Kapıyı çalacak çocuklara bir gün evvelden
hazırlanırdı hediye mendiller ve lokumlar.
Mahalle arasına kurulan seyyar lunaparklar,
macunlar ve pamuk helvalar. El öpenlere el öpenlerin çok olsun derdi büyükler.
Ama onların çok olmayacaktı el öpenleri.
Çünkü her geçen bayram biraz daha azalacaktı
öpülen eller.
Ve her geçen bayram biraz daha azalacaktı biten
dargınlıklar.”

***

Nerede o eski bayramlar” derken Kovid-19 yüzünden ilk kez böyle bir bayram yaşadık. Ama en önemlisi salgın pek çok sorunu da derinleştirdi. On binlerce şirketin faaliyetlerin durdurduğu bu dönemde, işsiz kalanların sayısı da çığ gibi arttı. Türkiye’de sayıları 4.3 milyon olan işsiz sayısına, 3.2 milyon yeni işsiz eklenebilir. Korona virüs salgını nedeniyle kapanan işletmeler zaten yüksek olan işsizlikte patlama yaratabilir.

IstanPol’un araştırmasına göre, salgın nedeniyle Türkiye ekonomisinin yumuşak karnı olan yüksek işsizliğin, tüm dünyayı etkisi altına alan korona virüs salgını ile birlikte tarihi seviyelere çıkmasından endişe ediliyor. Türkiye İstatistik Kurumu tarafından açıklanan son işsizlik verilerine göre Ocak döneminde işsiz sayısı geçen yılın aynı dönemine göre 306 bin kişi azalarak 4 milyon 362 bin kişi oldu. Ancak gerçek veriler Haziran ve Temmuz aylarında ortaya çıkacak.

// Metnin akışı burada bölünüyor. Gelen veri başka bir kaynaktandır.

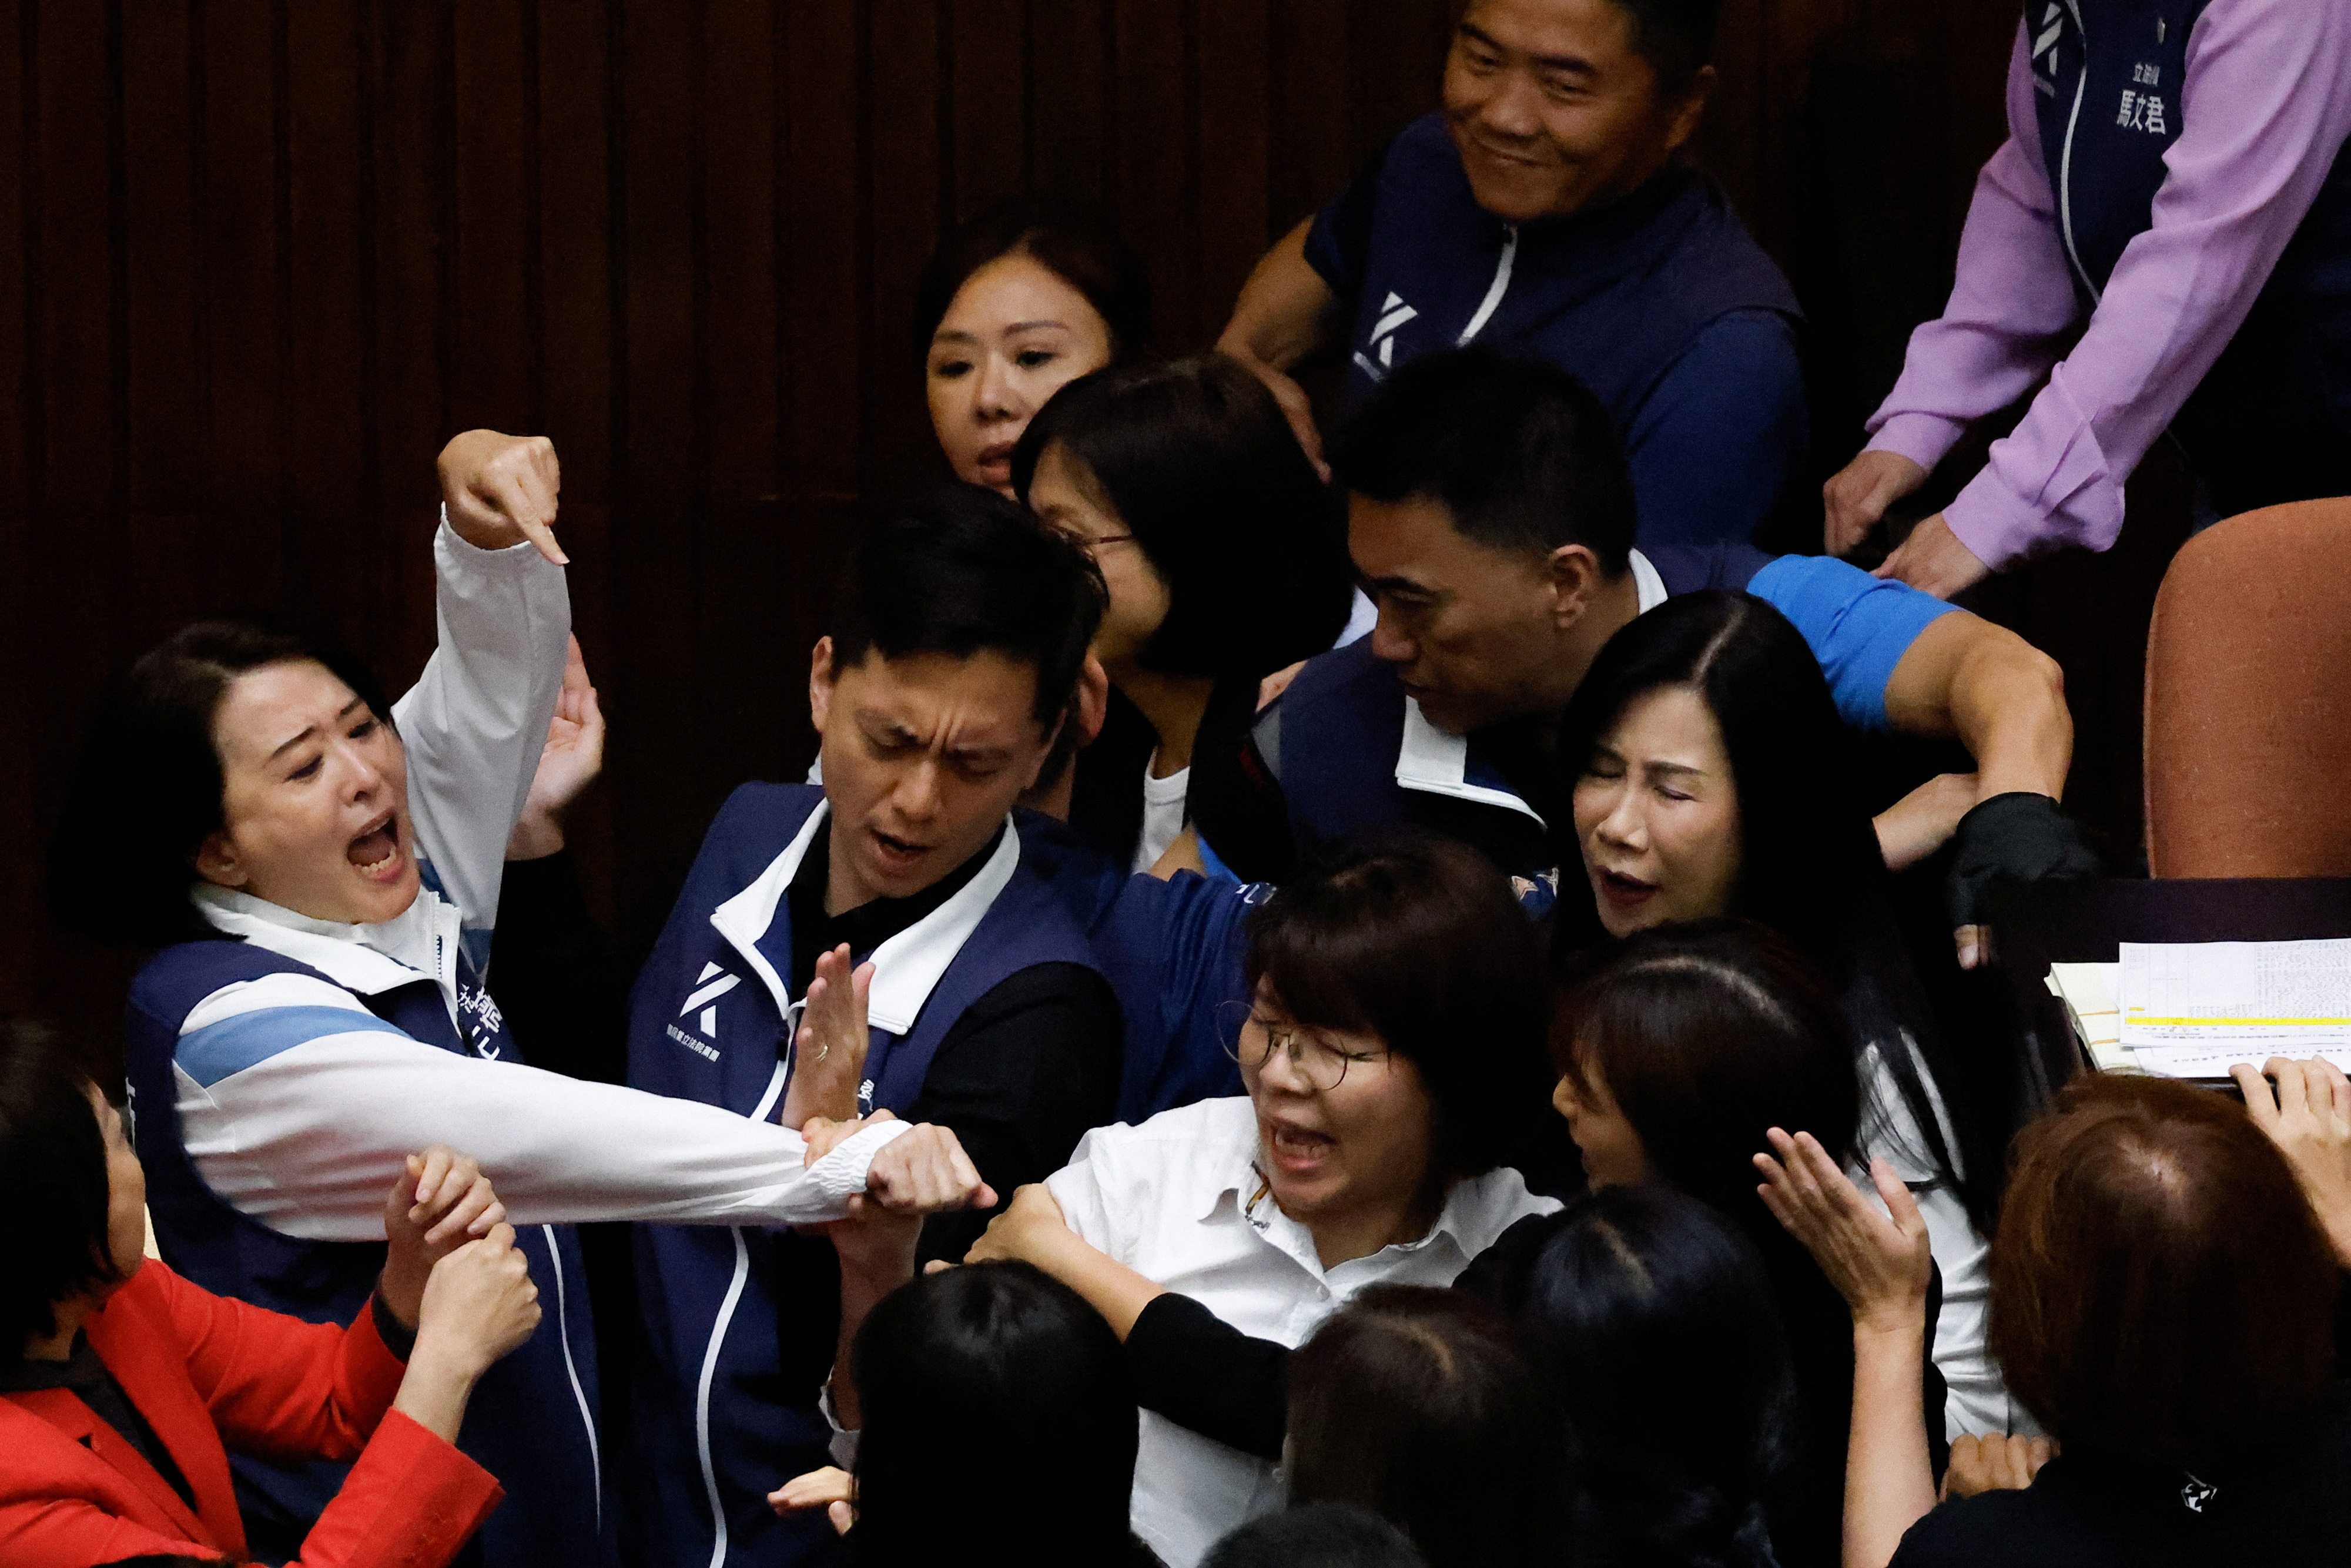 Taiwan lawmakers argue and exchange blows during a parliamentary session in Taipei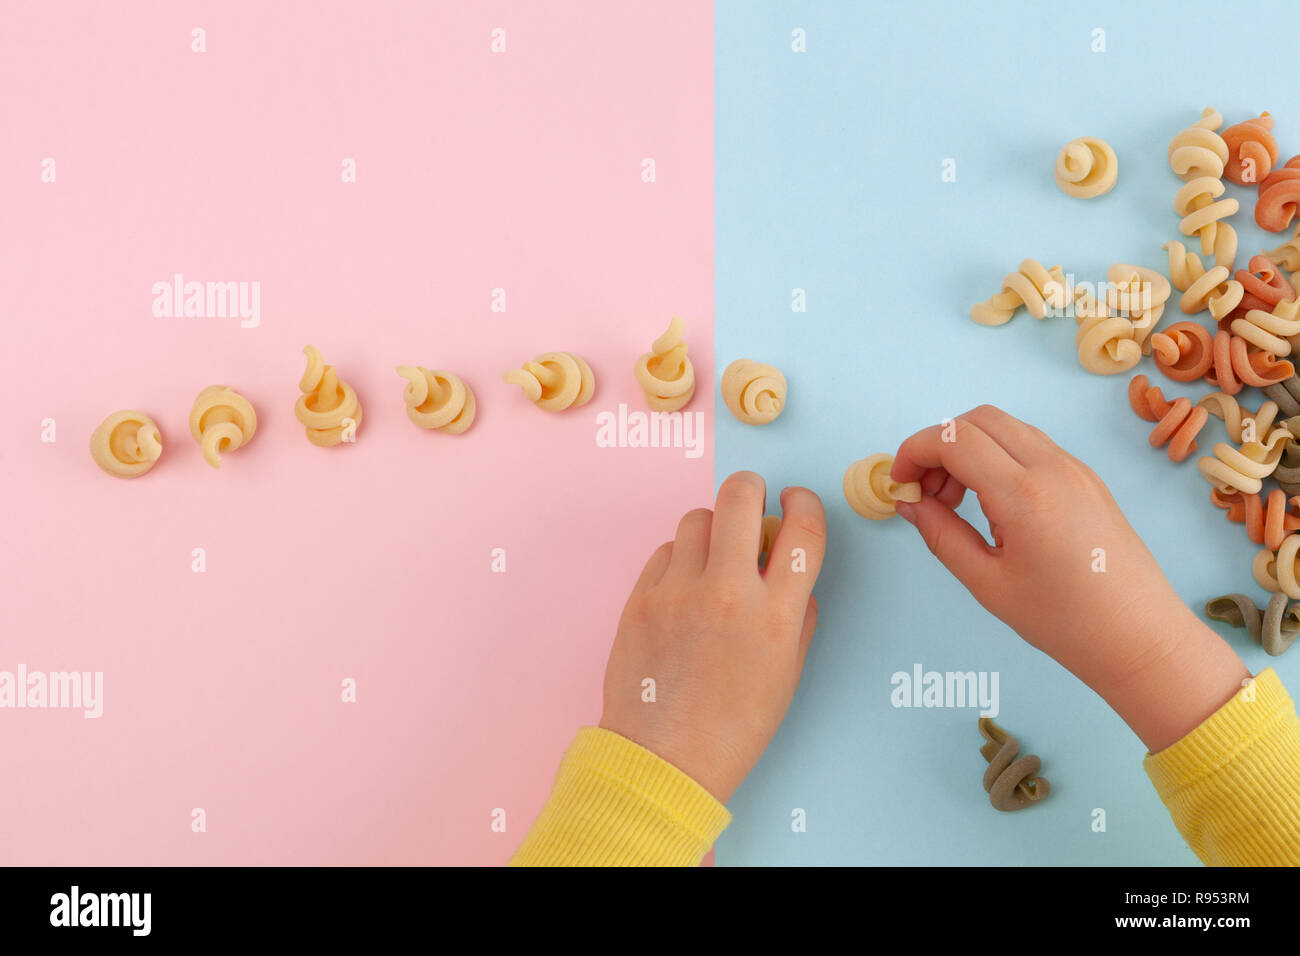 Child's hands playing with Funghetto veggie pasta on colored table with copy space Stock Photo

İstanbul Teknik Üniversitesi’nden Profesör Öner Günçavdı ve Doçent Ayşe Aylin Bayar ile Bilgi Üniversitesi’nden Profesör Haluk Levent tarafından yapılan araştırmaya göre salgının ekonomiye etkileri uzun bir döneme yayılacak ve işsizlikte büyük bir artışa neden olacak,

Türkiye Devrimci İşçi Sendikaları Konfederasyonu da Kovid-19 nedeniyle işsiz sayısının en az ikiye katlanacağı tahmininde bulunuldu.

CHP Genel Başkanı Kemal Kılıçdaroğlu salgının Ramazan ayını huzur ve güven içinde geçirmemizi engellediğini, dini ve beşeri geleneklerimizi değiştirdiğini belirtti: “Salgın, bu kutsal ayın sabır,bağışlama, bereket, ibadet, paylaşma ve adaletle özdeş olması gereken yaşamımızın ne kadar önemli olduğunu da gösterdi. Salgın nedeniyle daha da ağırlaşan ekonomik buhranın, yüz binlerce ailemiz üzerindeki etkisini azaltmaya çalıştık. Kimsenin yoksunluğunu ve yoksulluğunu teşhir etmeme, 'Bir elin verdiğini diğer elin görmediği' bir anlayışla hareket ettik.”

Haftaya yeniden buluşmak üzere hoşça kalın dostlar.